Des réparations sont prévues par la loi quand un acquittement est prononcé après une détention préventive.

En 10 ans, 115 personnes ont été indemnisées suite à leur détention préventive inopérante. C'est ce que le ministre de la Justice, Félix Braz a mis en évidence en répondant à la question parlementaire du député Dan Biancalana.

En effet, la loi du 30 décembre 1981 prévoit que, sous certaines conditions, un droit à la réparation est ouvert à toute personne qui a été privée de sa liberté préventivement pendant plus de trois jours sans que cette détention ou son maintien ait été provoqué par sa propre faute.

C'est le cas quand une personne a été acquittée, a bénéficié d'un non-lieu ou d'une prescription. Une indemnité pour préjudice moral allant de 50 à 400 euros par jour d'emprisonnement est allouée en fonction "de la situation familiale du demandeur au moment de la détention, de son état de santé physique et psychique, des conditions de détention et de l'existence ou non de publicité ayant entouré la détention".
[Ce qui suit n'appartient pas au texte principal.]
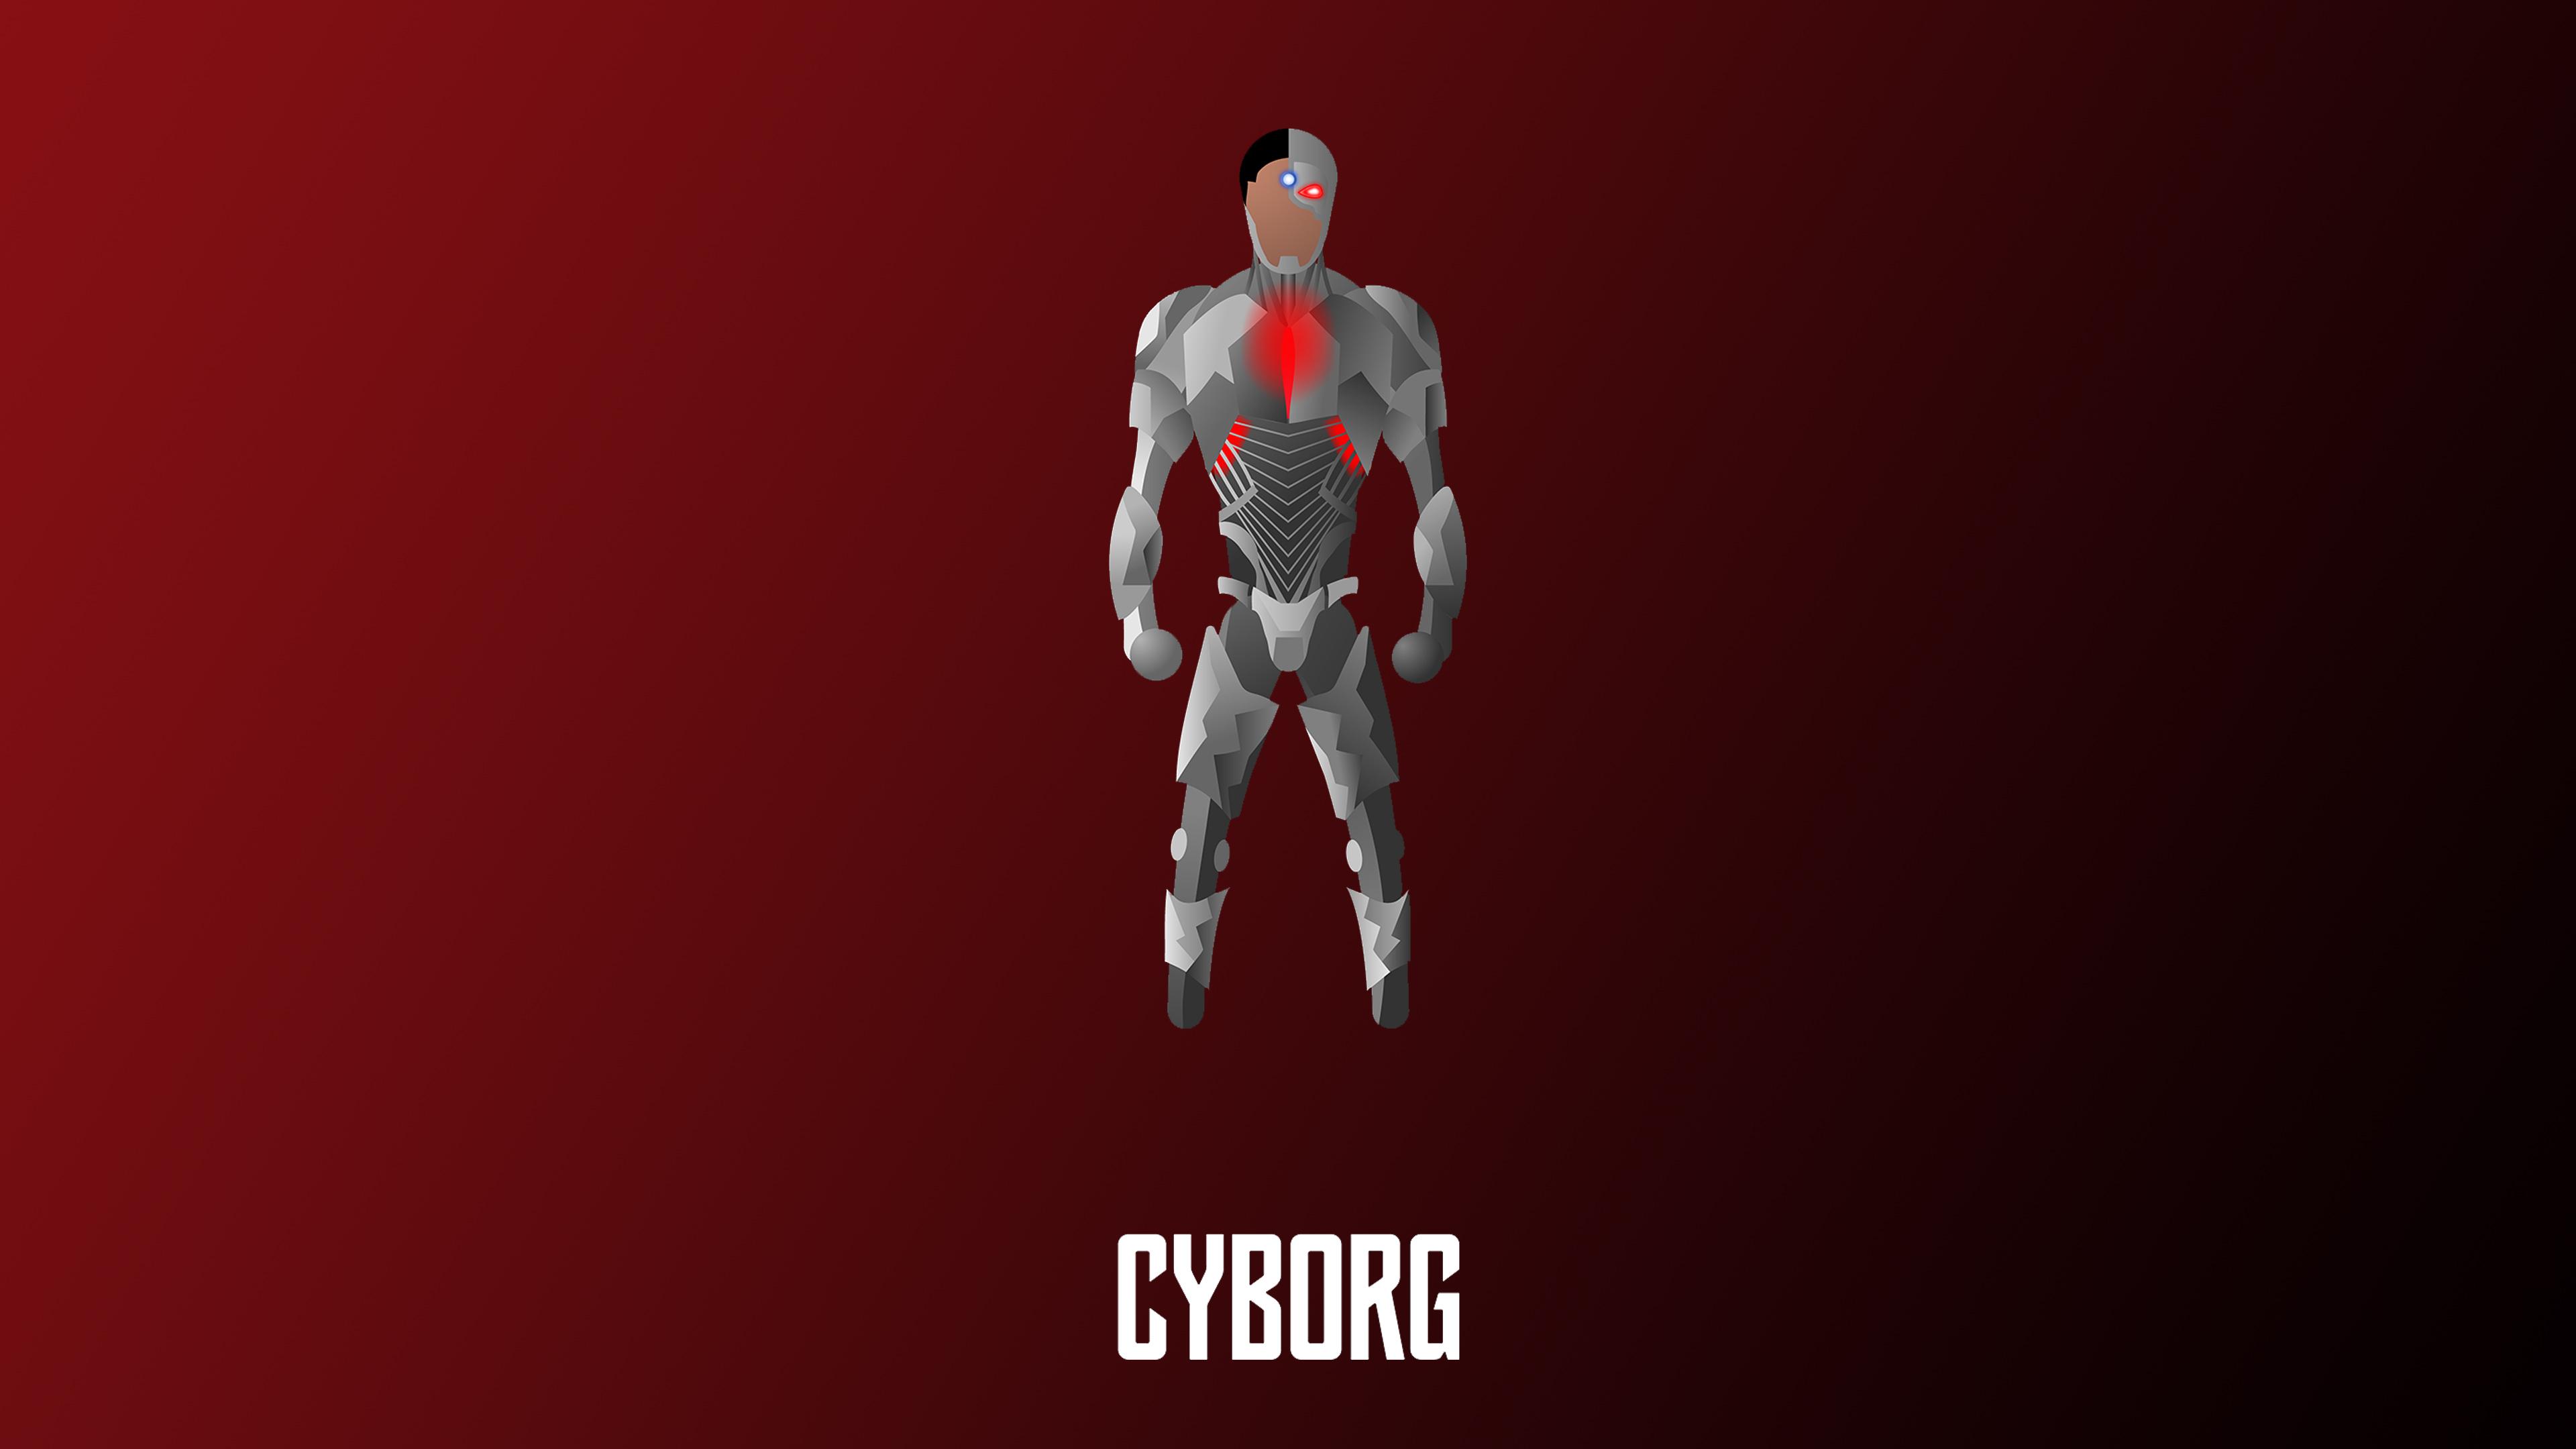 cyborg illustration 4k 1536523723 - Cyborg Illustration 4k - superheroes wallpapers, minimalist wallpapers, minimalism wallpapers, illustration wallpapers, hd-wallpapers, digital art wallpapers, cyborg wallpapers, behance wallpapers, 4k-wallpapers

Les chiffres présentés par le ministère de la Justice montrent des durées de détentions très variables, allant de quelques jours jusqu'à plus de quatre ans. Une personne ayant été détenue abusivement 1.463 jours a ainsi obtenu un indemnité 585.200 euros en mars 2016. Deux autres cas de plus de 1.000 jours de détention et plus de 500.000 euros d'indemnité sont à signaler.
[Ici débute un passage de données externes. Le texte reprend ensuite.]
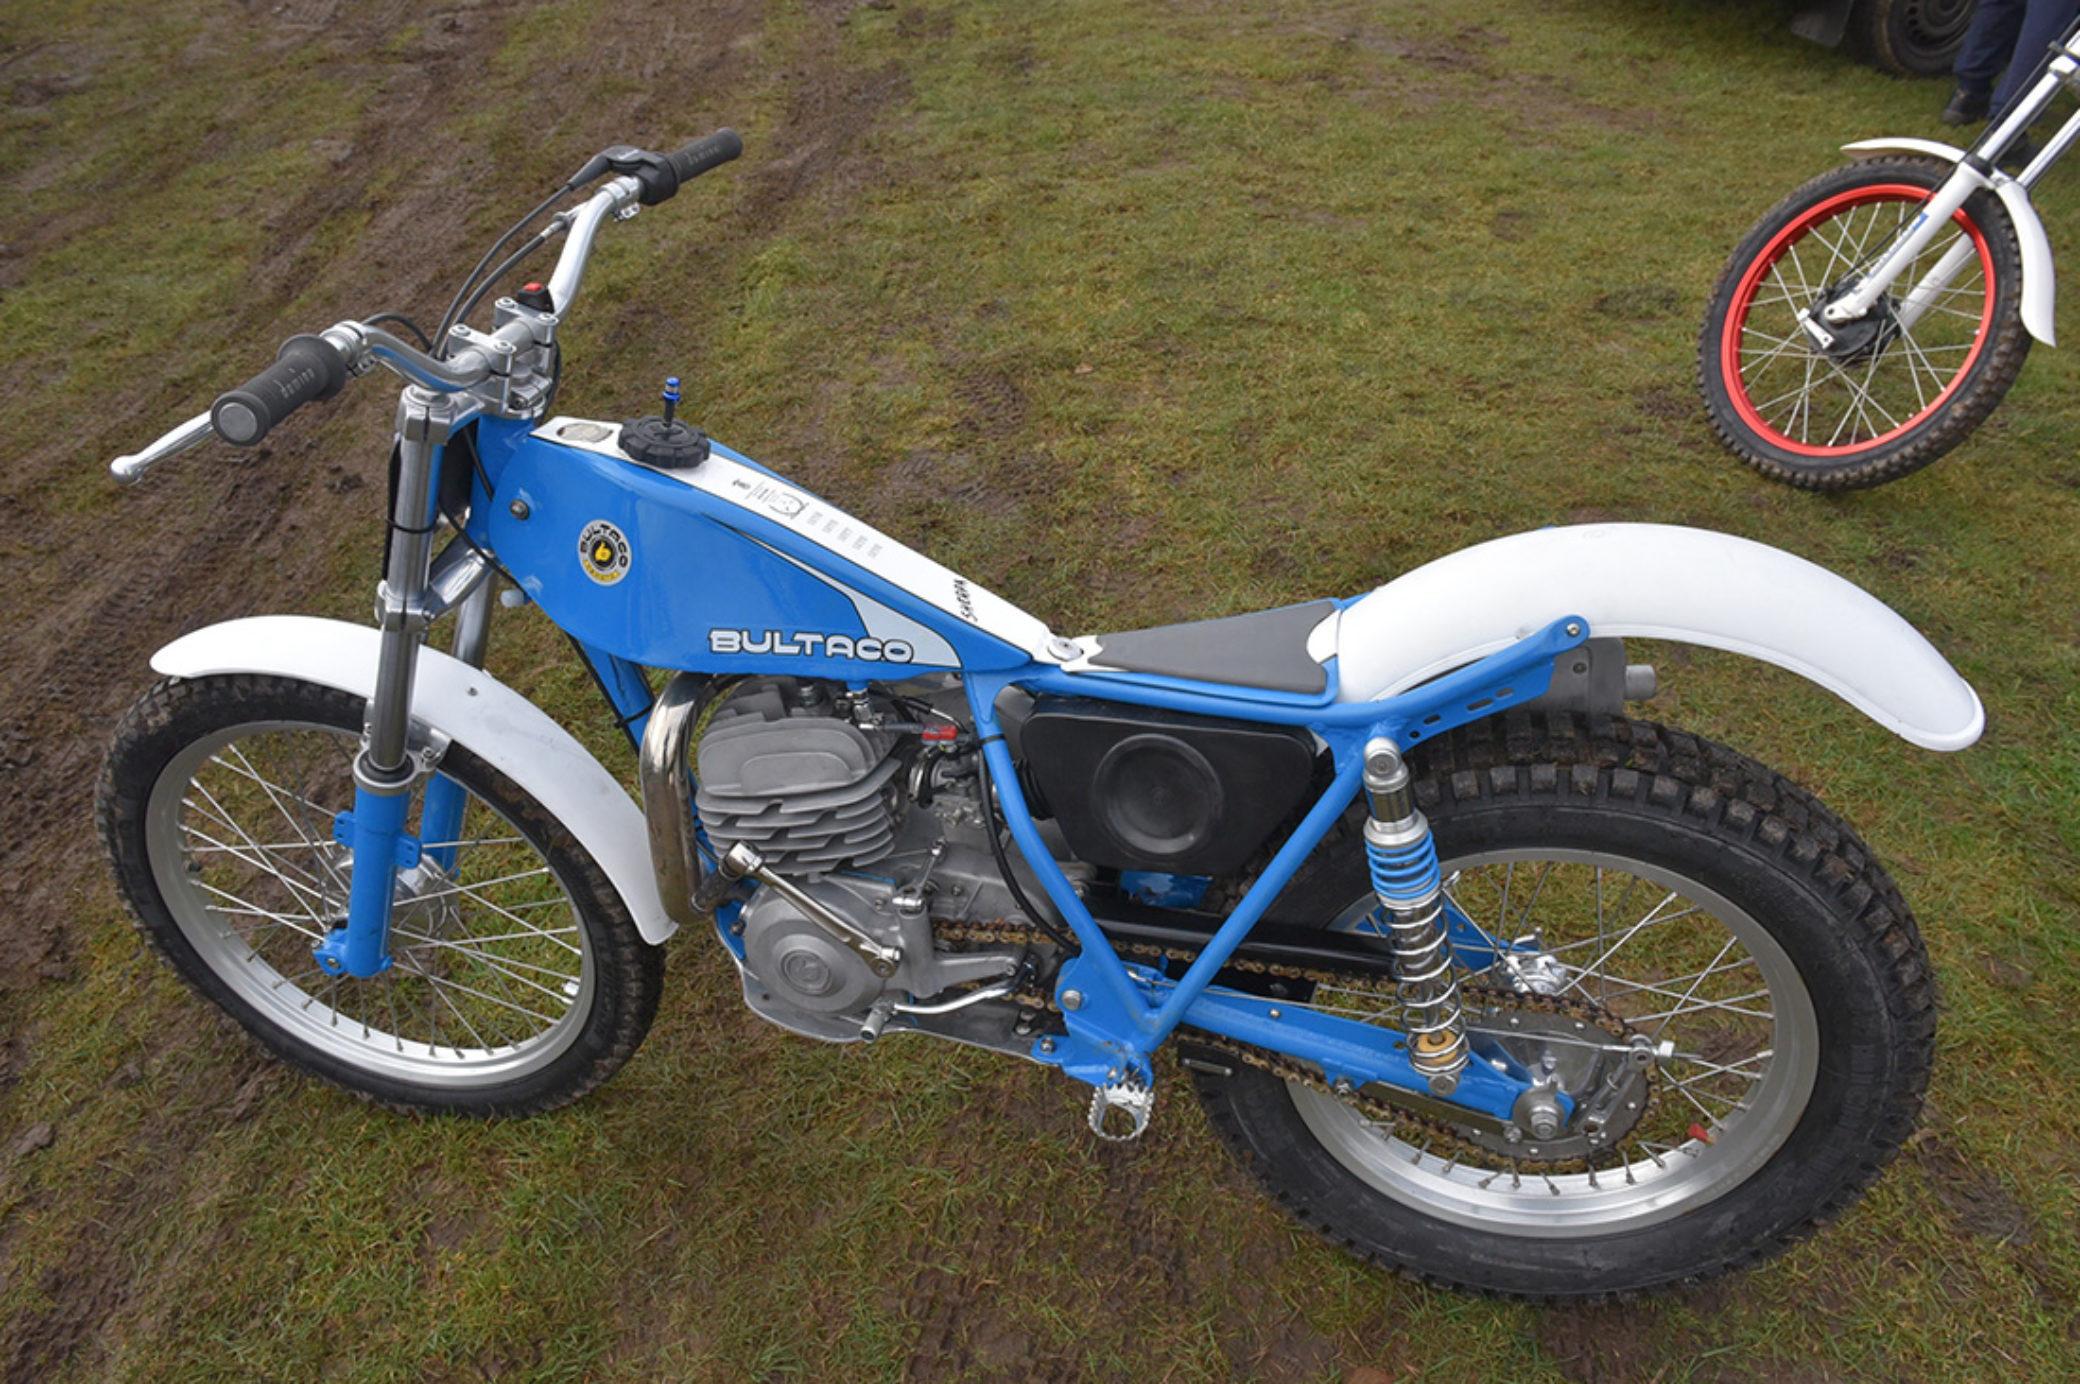 Take a look: Simon Bown's Bultaco

En tout, ce sont près de 30.000 jours de détention préventive inopérante qui ont été indemnisés ce qui représente plus de 3,2 millions d'euros.

L'analyse des chiffres ne permet pas de détecter une tendance ou une éventuelle amélioration du nombre de cas de détention préventive inopérante. Les derniers cas signalés remontent à il y a un an: 140 jours et 14 jours avec chacun 100 euros par jour.